#### Directions for this task
The output should contain the listing word for word and no pictures.

Recorded information: Begin

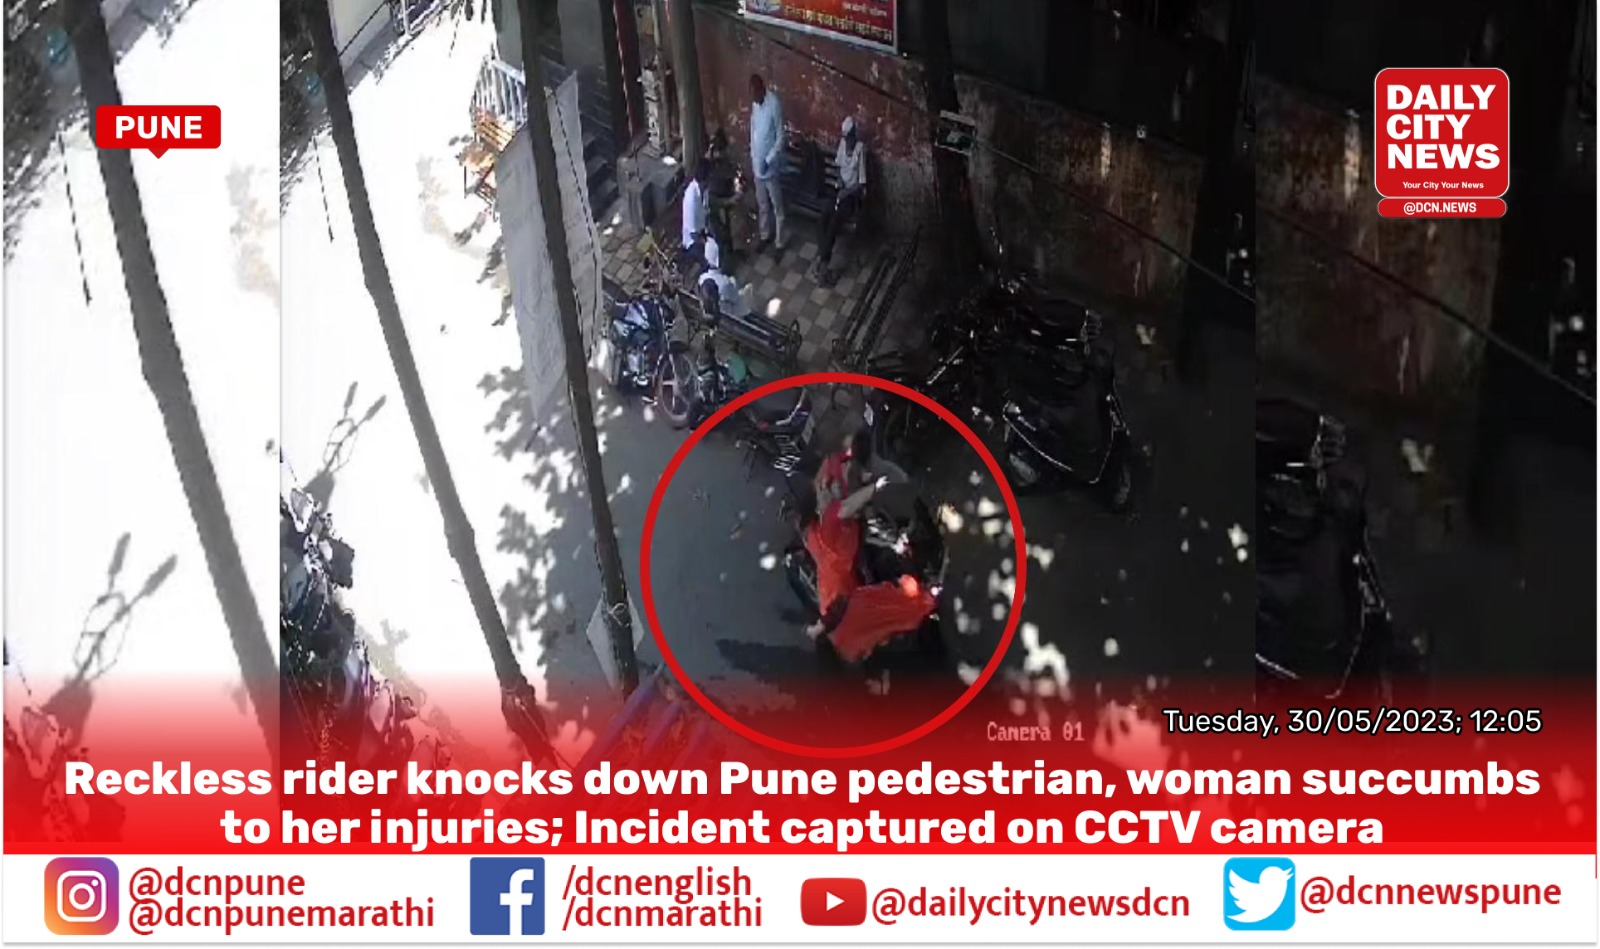 Reckless rider knocks down Pune pedestrian, woman succumbs to her injuries; Incident captured on CCTV camera
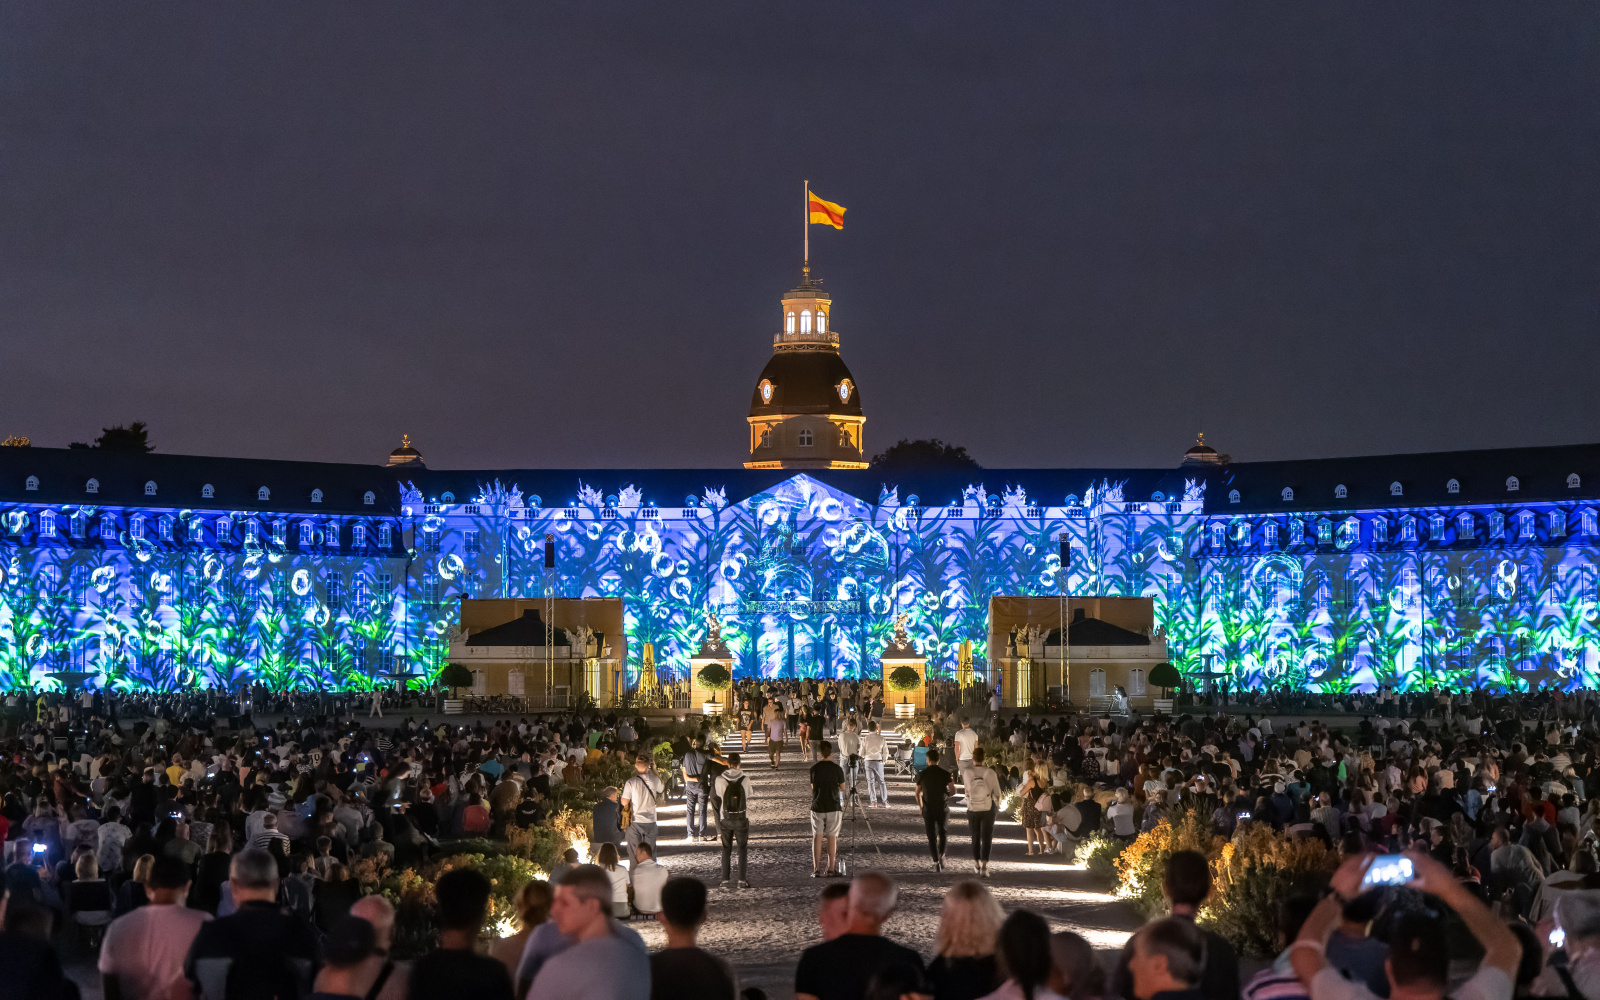 Karlsruhe Castle illuminates in a blue-green plant pattern. You can also see the many people sitting in the audience.
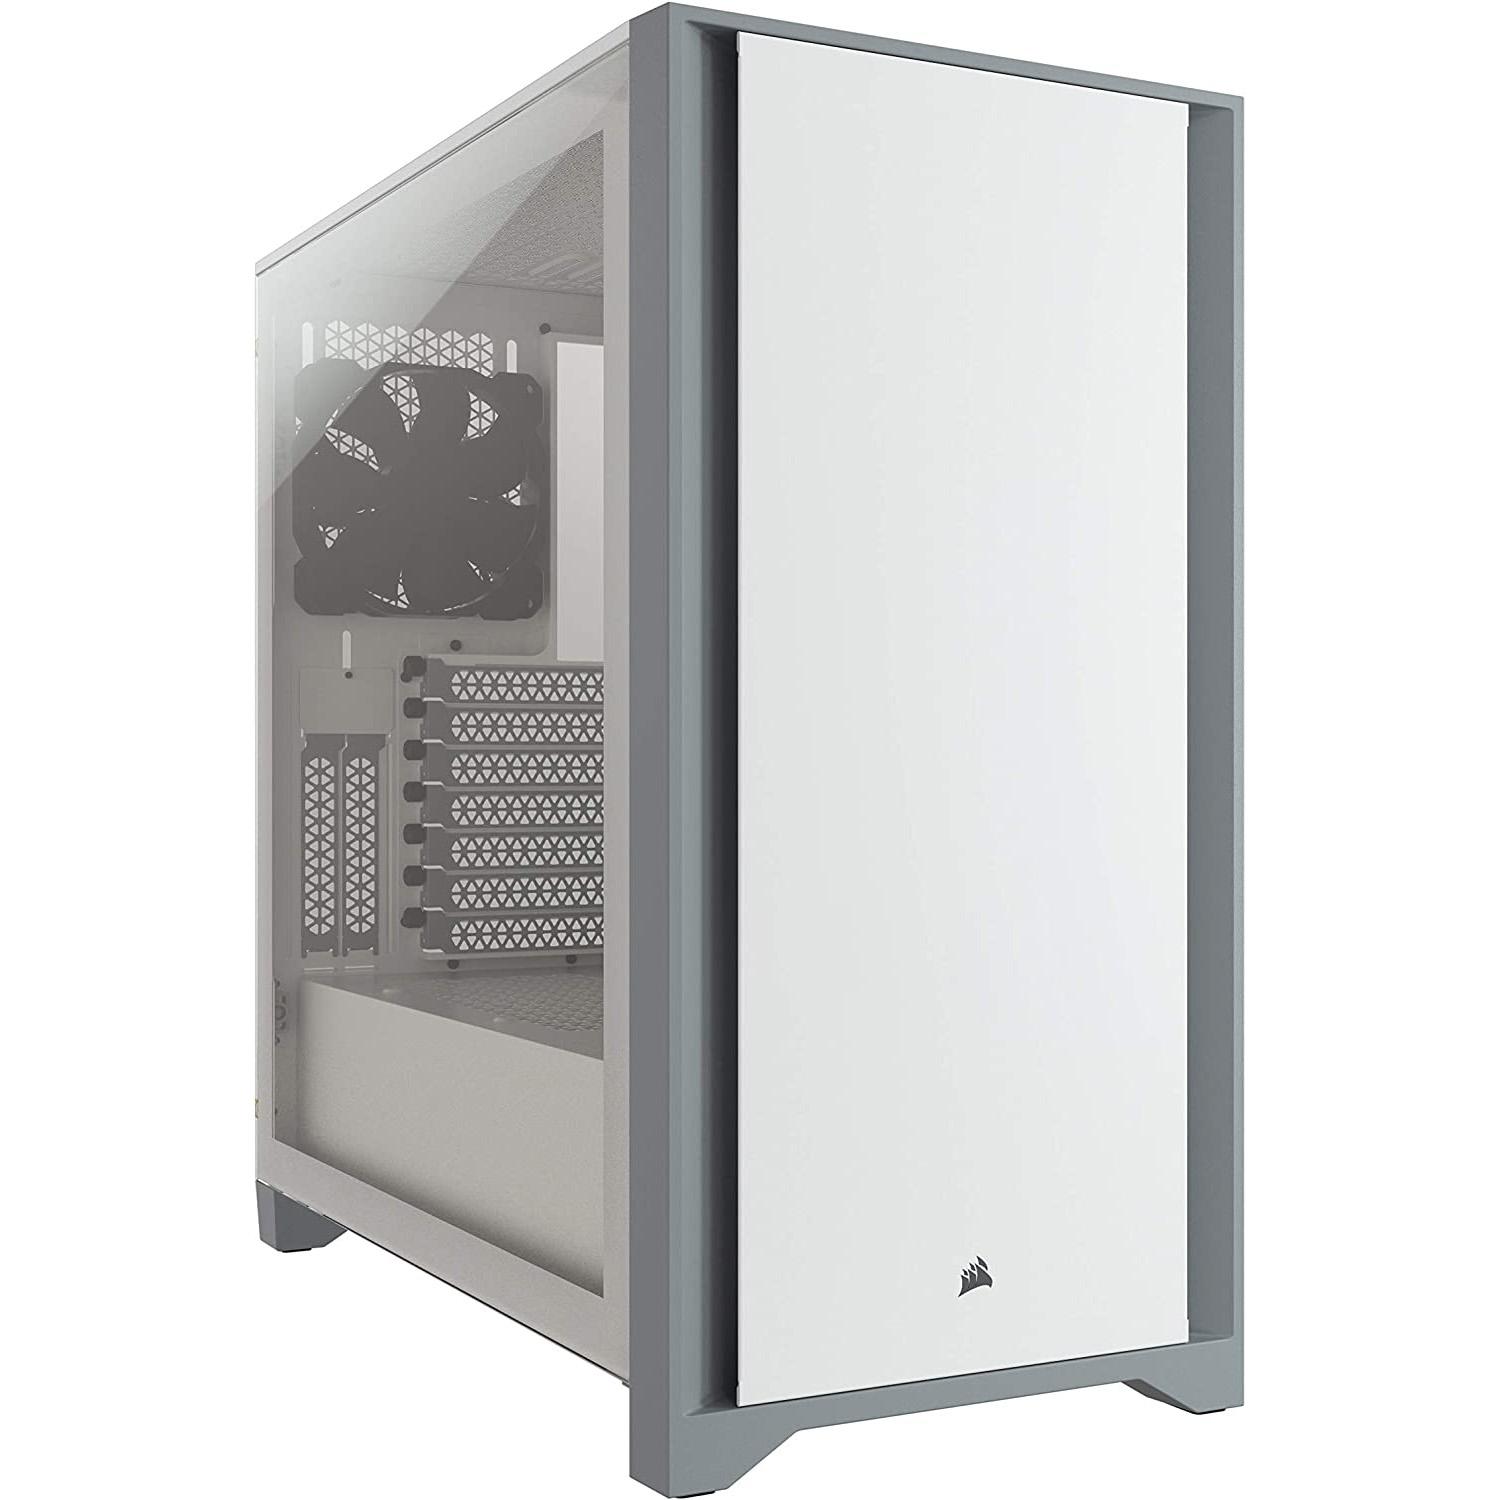 Corsair 4000D Tempered Glass Mid-Tower ATX PC Case for $61.59 Shipped

Recorded information: End

#### Solution to this problem
 Reckless rider knocks down Pune pedestrian, woman succumbs to her injuries; Incident captured on CCTV camera
 Karlsruhe Castle illuminates in a blue-green plant pattern. You can also see the many people sitting in the audience.
 Corsair 4000D Tempered Glass Mid-Tower ATX PC Case for $61.59 Shipped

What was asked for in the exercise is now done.